On one of the first days of my supervision duties, which entailed eating with the students during the noonday meal, a little boy came to my table with his spoon and began to skim off little black specks from my bowl of lintels which was the side dish that day. I assumed that these specks were bits of black pepper and I told him that I liked pepper and he needn’t remove it. Then an older boy who could speak a bit of English came over and enlightened me that we always remove the weevils from our beans when they float to the top of the bowl before eating them, so I dutifully consented to the removal.

When I did the night check I could often hear the growls of leopards and the grunts of lions on the other side of the walls and was far more concerned and frightened than the boys. When one of these night prowlers happened to climb over the wall and parade about the courtyard I was even more perturbed and would hurry to get the tracks brushed away before the boys got up to find their parade ground so invaded. The same head boy who had alerted me about getting rid of the weevils in the beans also informed me that they all knew that the animals sometimes took shortcuts through our compound but they were usually gone by morning and that I needn’t bother with the tracks anymore. These boys all came from very basic and simple village backgrounds and knew the habits and ways of the forest wildlife far better than a stranger like me.

In the 1970’s and 80’s all our mission schools were nationalized and the missionary sisters, brothers and priests were all sent on our separate ways. Many found other types of social work to continue to give a boost to the development of the country, others went home disillusioned with the dismal course of events. My own conviction was always that it was through education that we could make any kind of change and improvement for the good of the country and better the lives of the people. So with the permission of my superiors I applied to the Ministry of education as an education officer and was given the job to teach in government schools basically in the same schools which once were our own. I held this position for 14 years. As I look back on this period of my life I see it as a preparation for the task that lay before me when the new government opened the door for the missionaries to restart our own schools again.
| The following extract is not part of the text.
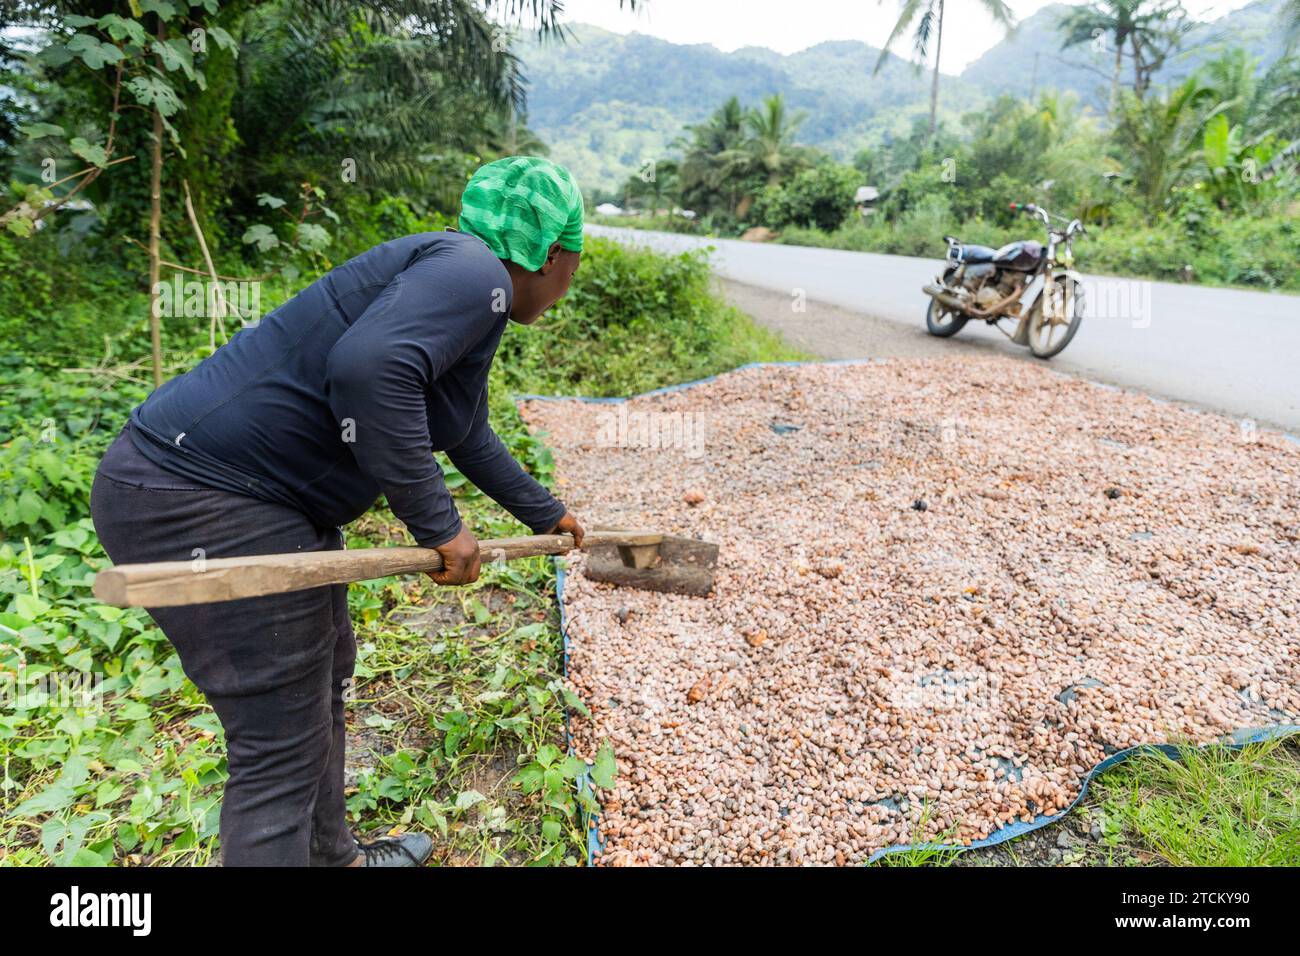 A peasant woman puts some cocoa beans to dry, production of chocolate in Cameroon. Stock Photo

Then in the mid-1980’s the government of Tanzania allowed mission schools to operate as they had done so for decades. Today mission schools of many denominations are operating in the country, graduating thousands of boys and girls at the secondary level. Our own schools at Mazinde Juu and Kongei are among these schools and we are not to brag but we are at the very top in our yearly academic performance. At our first graduation in 1992 fourty girls graduated and one of those girls, Sister Eveta, is now the principal of Mazinde Juu. The people of Rochester have played a great role in the success of our mission of education in Tanzania. Sister Eveta herself earned her Masters in Education at Nazareth along with 11 other Tanzanian Sisters, all sponsored by scholarships from Nazareth College and the generosity and dedication of the Sisters of Mercy and the Sisters of St. Joseph of Rochester. Today Sister Eveta watches over two hundred graduates a year come on stage for their diplomas and continue their march right up to College and University. At present we have over 2000 graduates Catholic, Protestant and Muslim girls each one well equipped and motivated, we hope, to make the world a better place. Our first school event each day is our prayer together at 6 in the morning. It made me feel good one day when a Muslim girl wrote me a letter saying “I will always be thankful to Mazinde Juu for there I learned how to pray”. Today in our schools we are empowering the African women who have been degraded and pushed aside for centuries to take over the vital task of bringing the light of education to their own brothers and sisters to see a new way forward on the road to dignity, prosperity and excellence. I have high esteem for our African Sisters and also their levelheaded handling of the daily happenings in boarding school life. Last Sunday the class that led the singing and the liturgy for the day really outdid themselves with their song and drumming and the overall vitality and verve in their participation at Mass. When I commented on how pleased I was with their participation I told Sister Eveta that the Holy Spirit was well represented at the Liturgy that morning. Sister readily agreed and she added too that her promise of giving them fresh doughnuts for breakfast that day if they did well at Mass might also have had something to do with it.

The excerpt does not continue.